Instructions for the task. An exact copy of all the data, minus the images, is required.

Recorded data.
#####
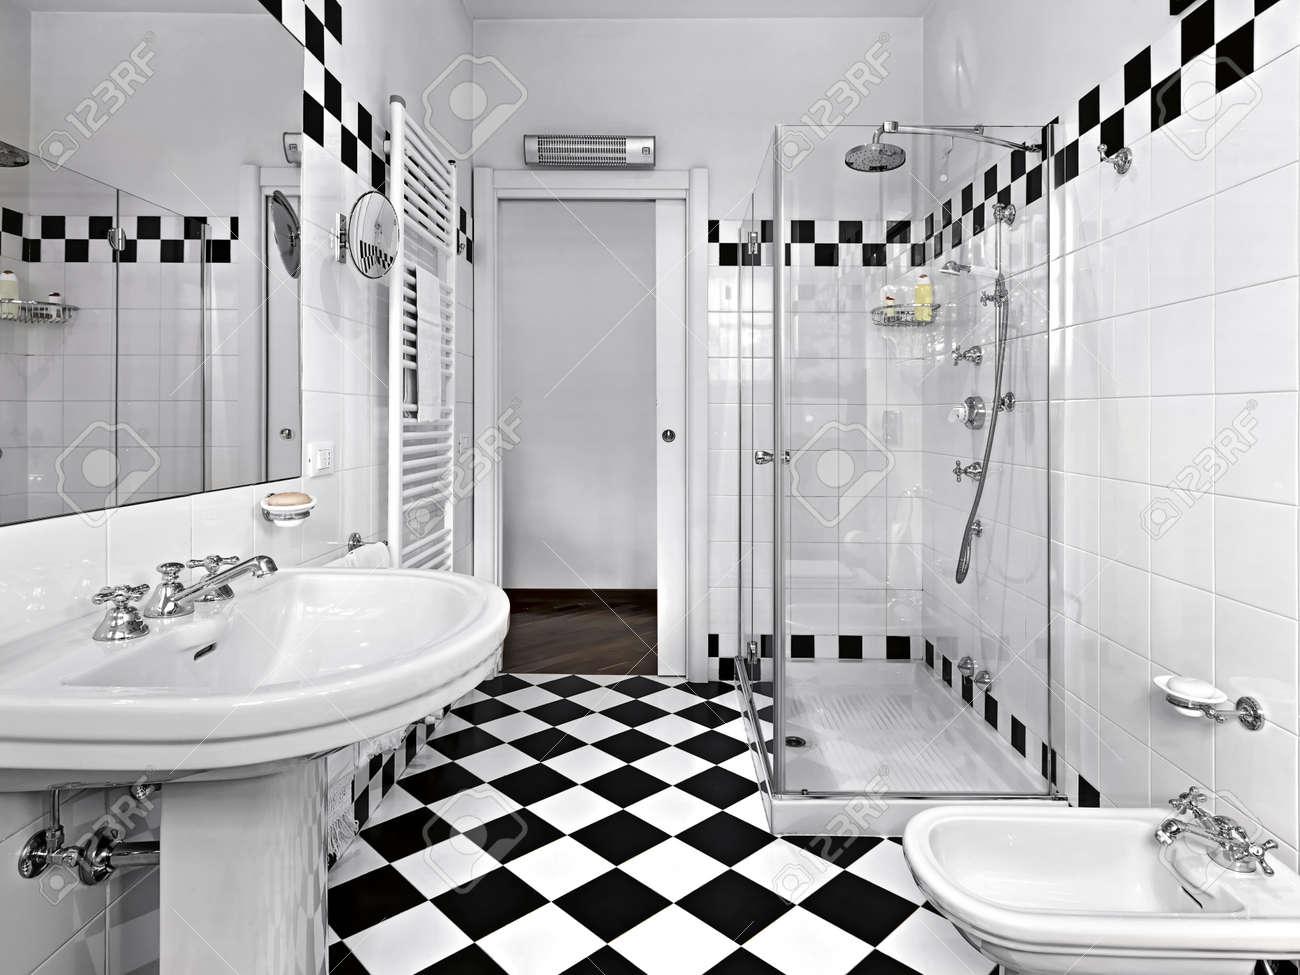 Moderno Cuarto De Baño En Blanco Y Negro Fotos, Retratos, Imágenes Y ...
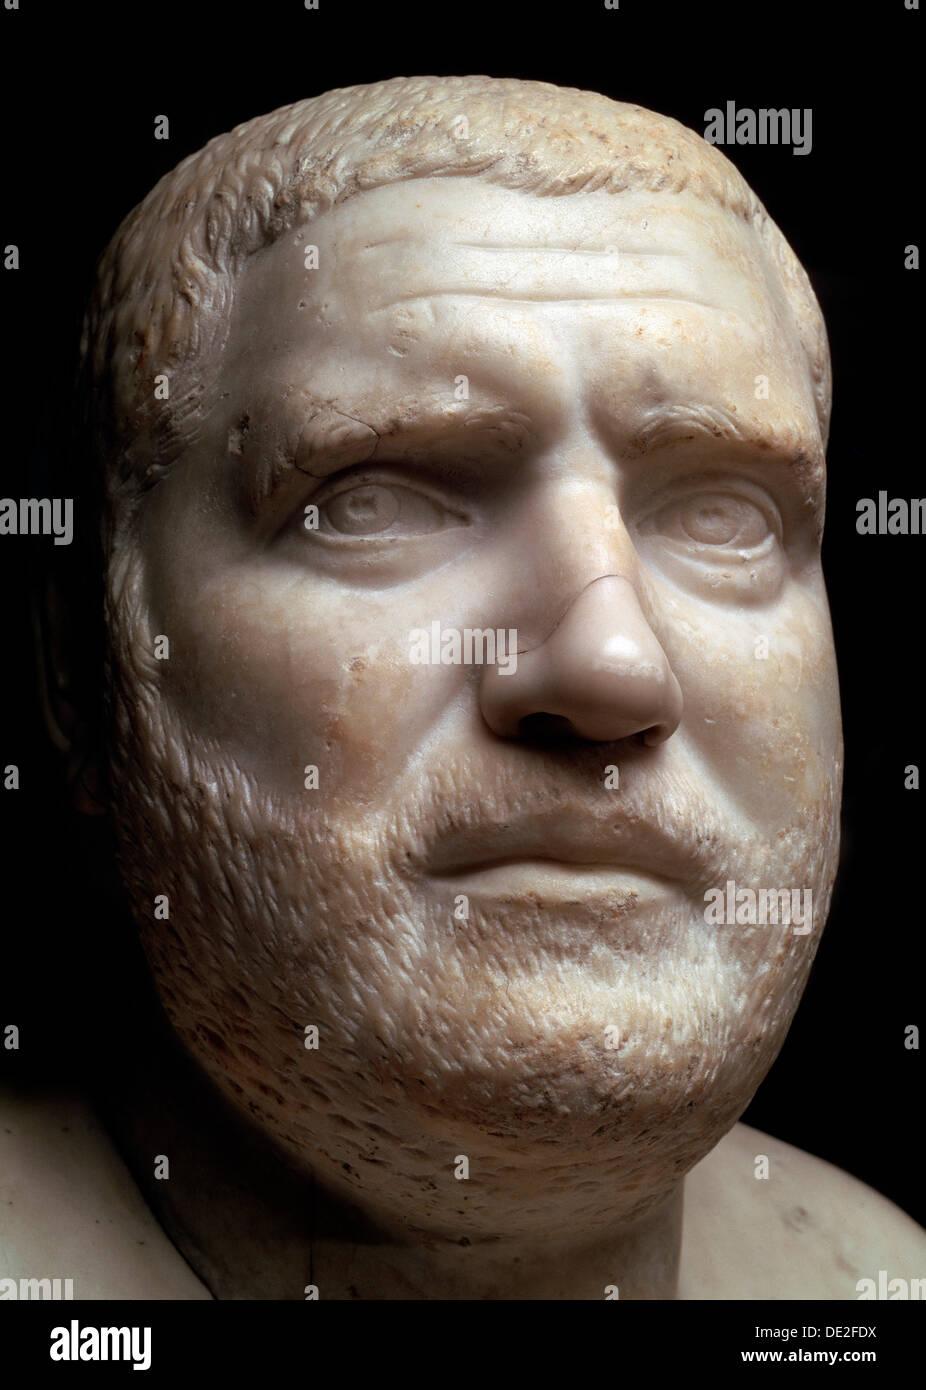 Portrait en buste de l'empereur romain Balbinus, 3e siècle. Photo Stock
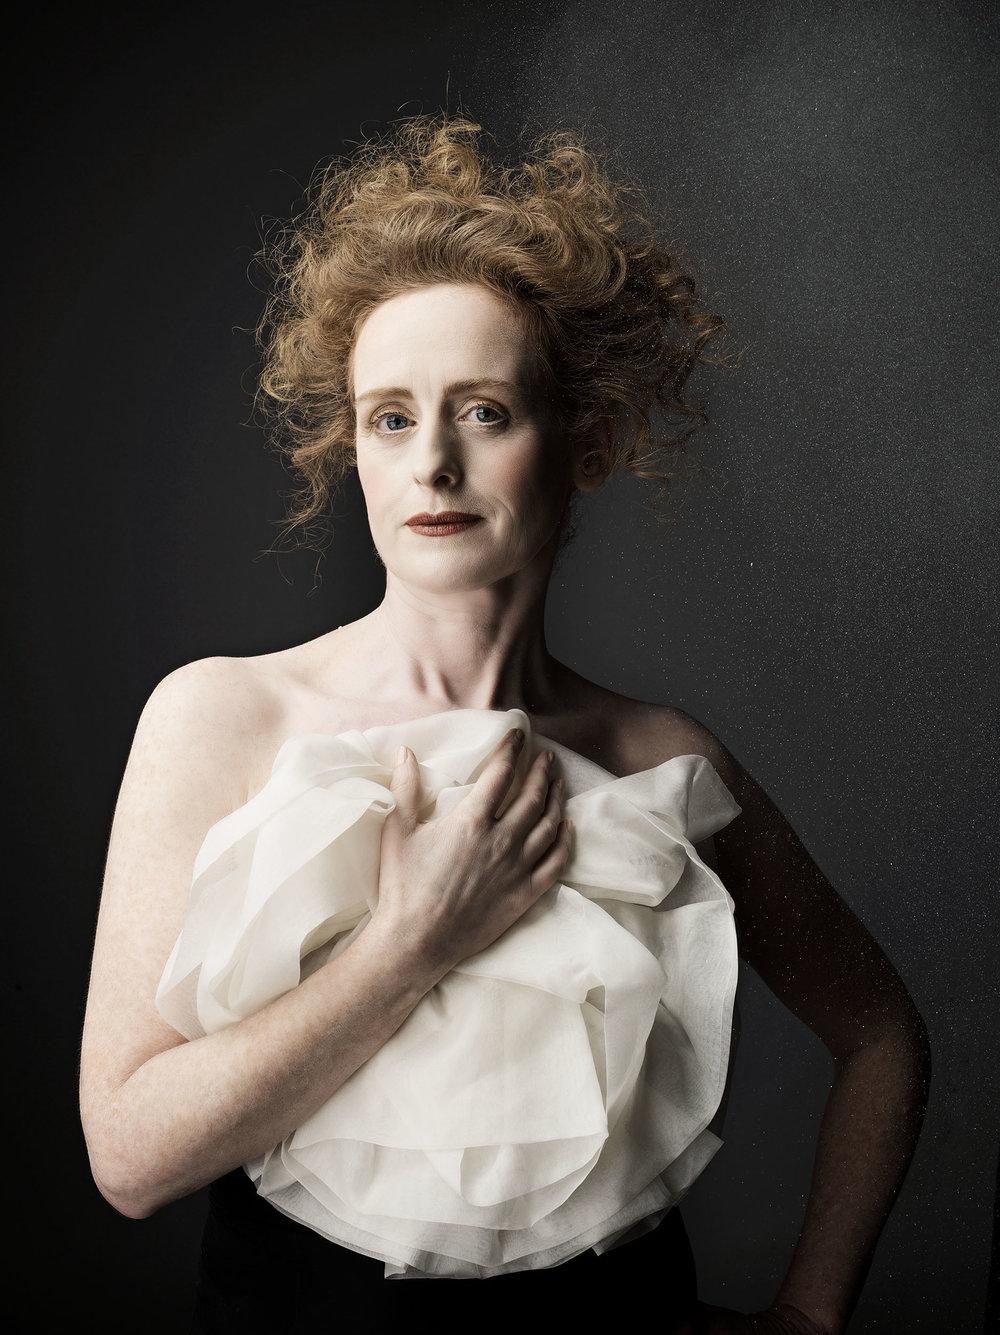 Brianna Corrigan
#####
Solution to this exercise.
 Moderno Cuarto De Baño En Blanco Y Negro Fotos, Retratos, Imágenes Y ...
 Portrait en buste de l'empereur romain Balbinus, 3e siècle. Photo Stock
 Brianna Corrigan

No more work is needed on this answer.